With a well thought out strategy for offering design services contractors can differentiate their businesses and attract better quality clients and projects. However if their offering is not well thought out contractors can lose a lot of money and waste a lot of time.
If you want to offer design services consider these four important areas before you go for it. If you are already offering design services, these same considerations can help you validate and or think a bit more strategically about your offering.
Nothing is free, neither is design. Even if you offer it for free to prospects doing so still adds to your business overhead costs. Charging each customer for their design is one option. If you don't charge consider how many free designs you will complete to sell one job and add the anticipated costs for doing them to your overhead budget before you determine your markup. How you choose to go forward with this consideration should be based on the targeted customer type you identify in your marketing plan.
Offering design comes with risks. I also strongly recommend getting Design Liability Insurance and adding the cost of coverage to your pricing strategy.

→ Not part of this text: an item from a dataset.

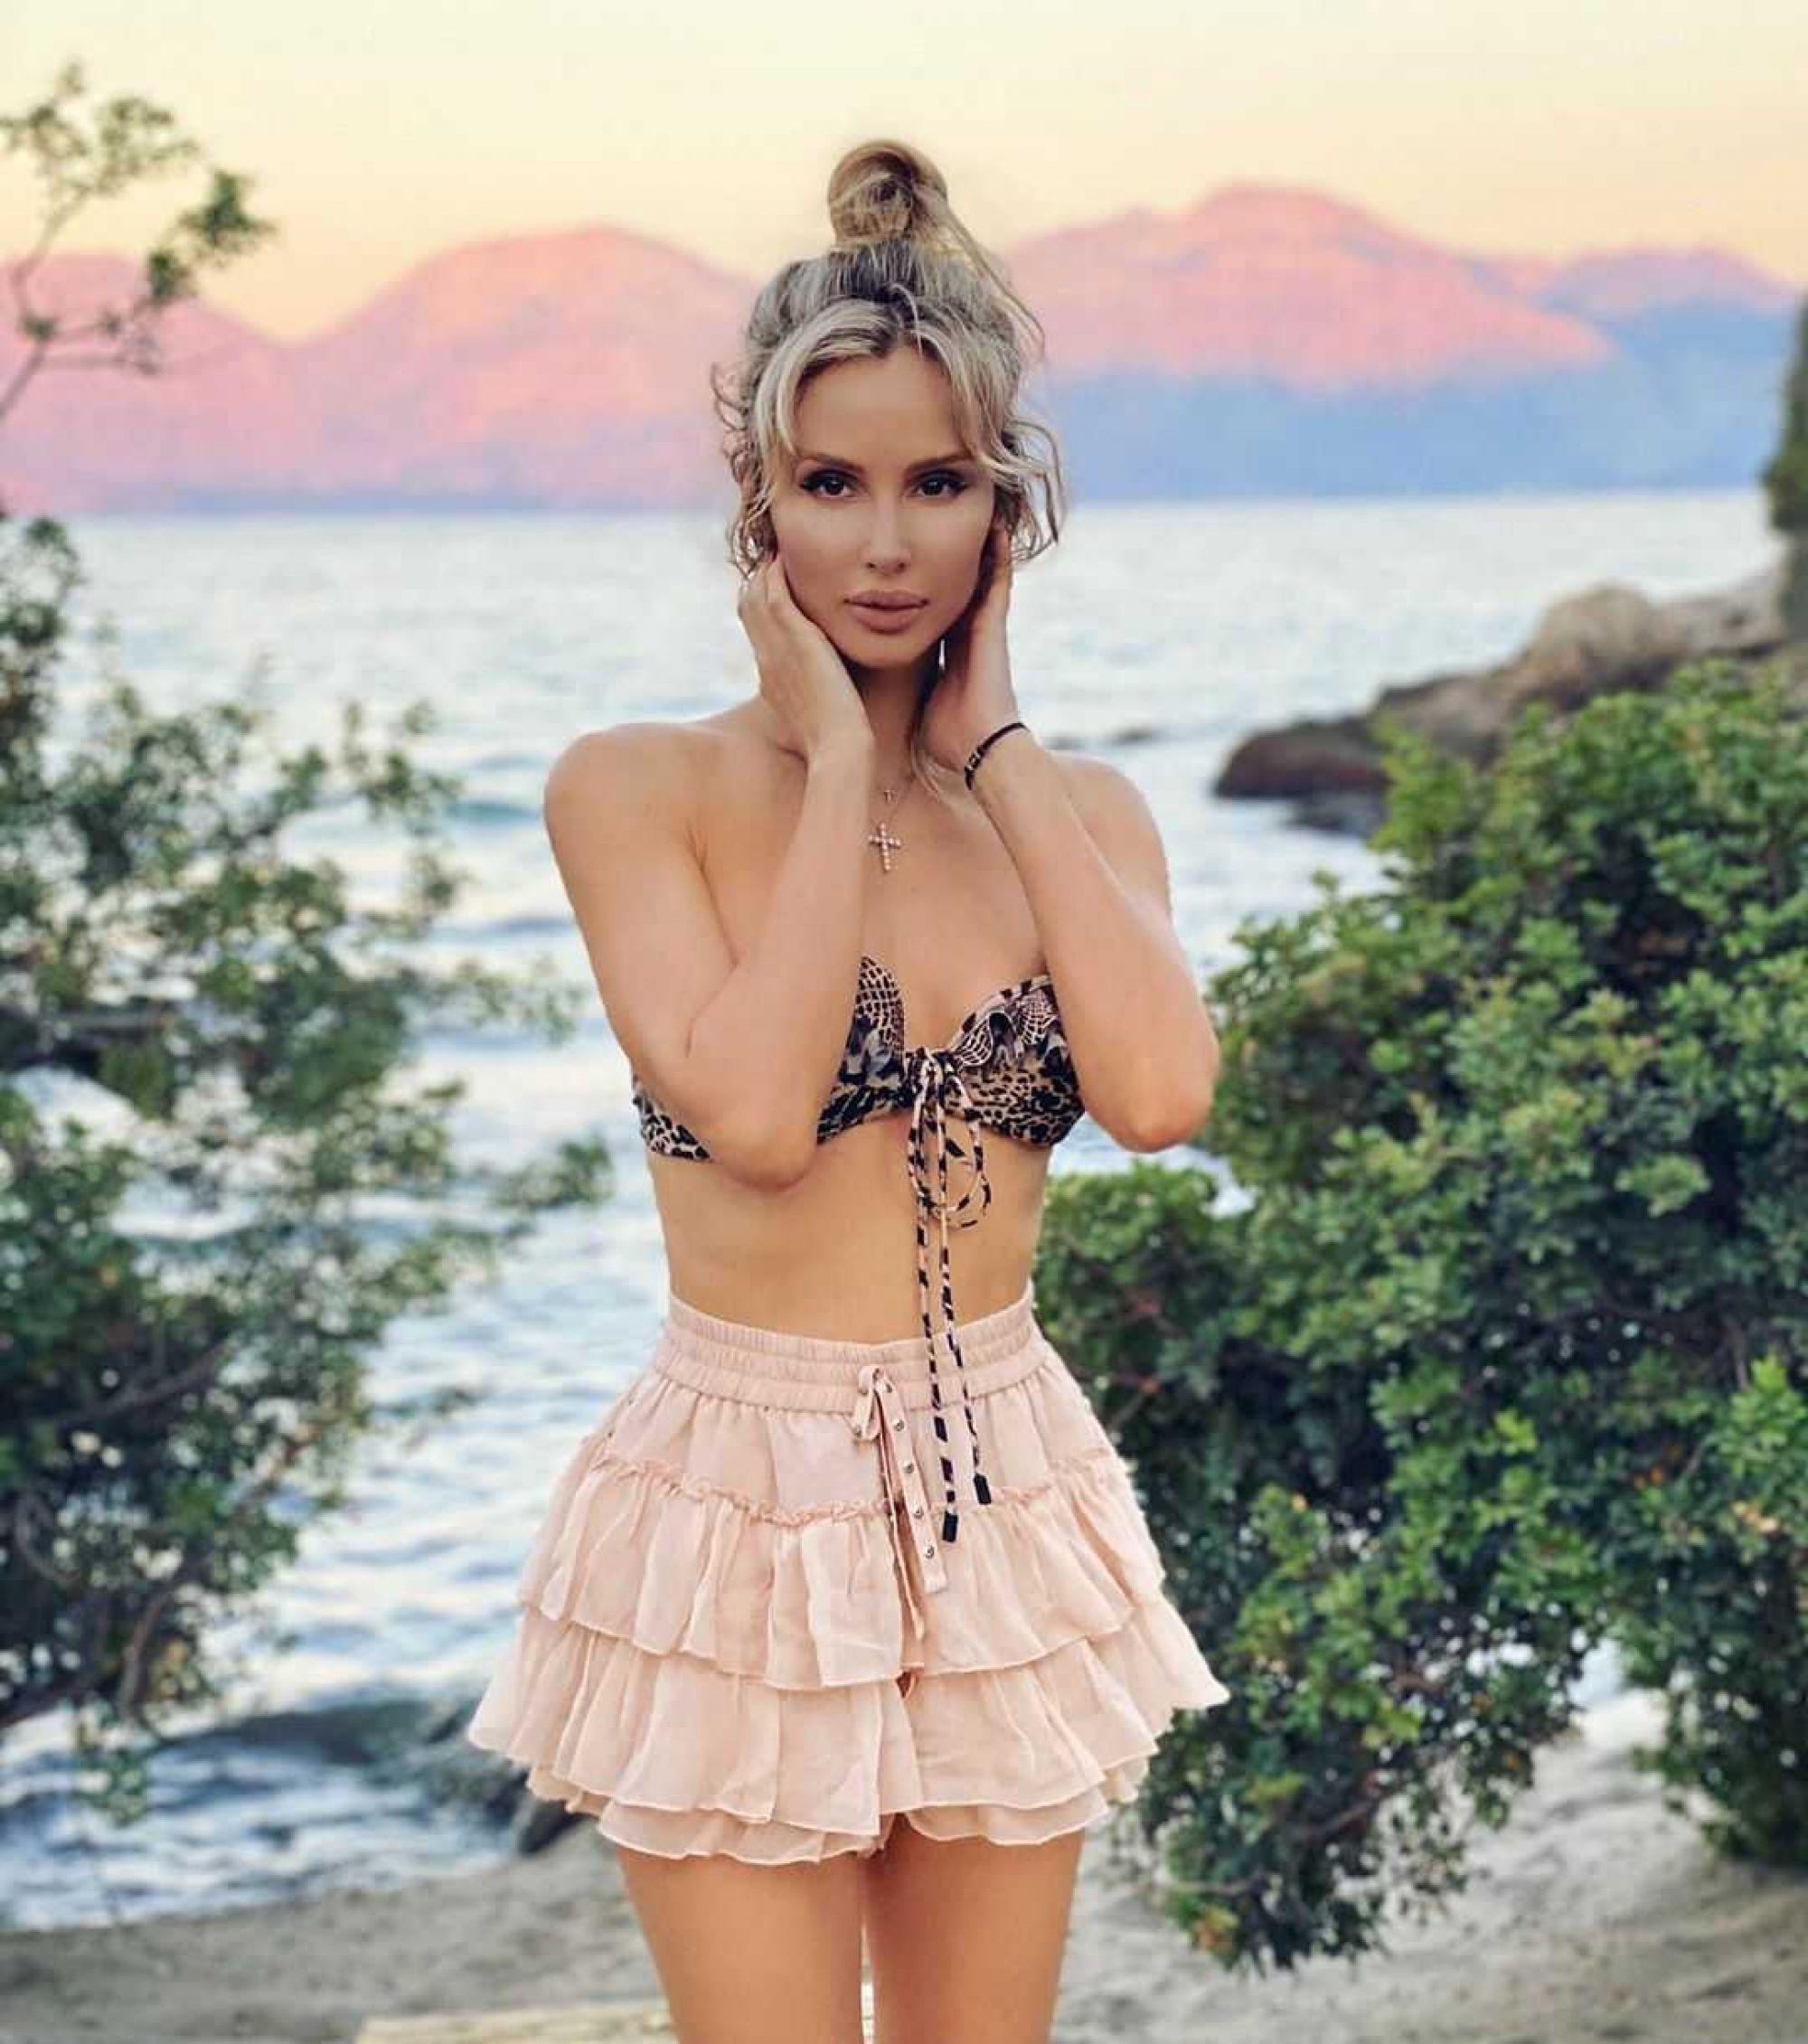 «Какая роскошная!»: Светлана Лобода показала фанатам младшую сестру

#2: Create a clearly defined process
To control costs and manage customer expectations you need to decide what level of service you will offer, and whether you will offer your design services at a fixed price or on an hourly rate. At my business I used a fixed/defined process and price strategy limited to concept design. This was because as a Design/Builder our goal was to quickly get to a contract for construction. Completing the plans for permit application only happened if we built the project. For our target customer type that process worked well and kept the upfront cost of making decisions and getting to a fixed price quote down for our clients.
The image below shows the first half of the Design/Build process I share with my clients.
#3: Ownership of the plans
Consider whether you are selling design services or plans. If you sell plans your clients may see their project as a commodity and may want to use those plans to collect bids from other contractors. Allowing that to happen also definitely increases your design liability. My recommendation is to differentiate your business by selling personalized design services, not plans. Then, only offer design services to prospects who intend to hire your business to complete the project. Plans for permit can then be created and shared with them after they commit to construction.
#4: Use a supporting marketing and sales strategy
After thinking through and deciding on the considerations mentioned above the business will need a way to market and sell their offering. The right marketing should help define your offering so prospects can prequalify whether what you offer is right for them, or not. Doing this will help attracted your targeted prospect and save salespeople a lot of time on sales calls. This is because by doing so prospects will only need to clarify and confirm your offering when they request to meet or speak with you, you will no longer need to introduce and explain your offering.
Your web site is a great tool to use for marketing and explaining your design services. And, if the information is on your web site, you can direct prospects to it from the other marketing tactics you use, or when they first call your office to inquire about a project that requires design.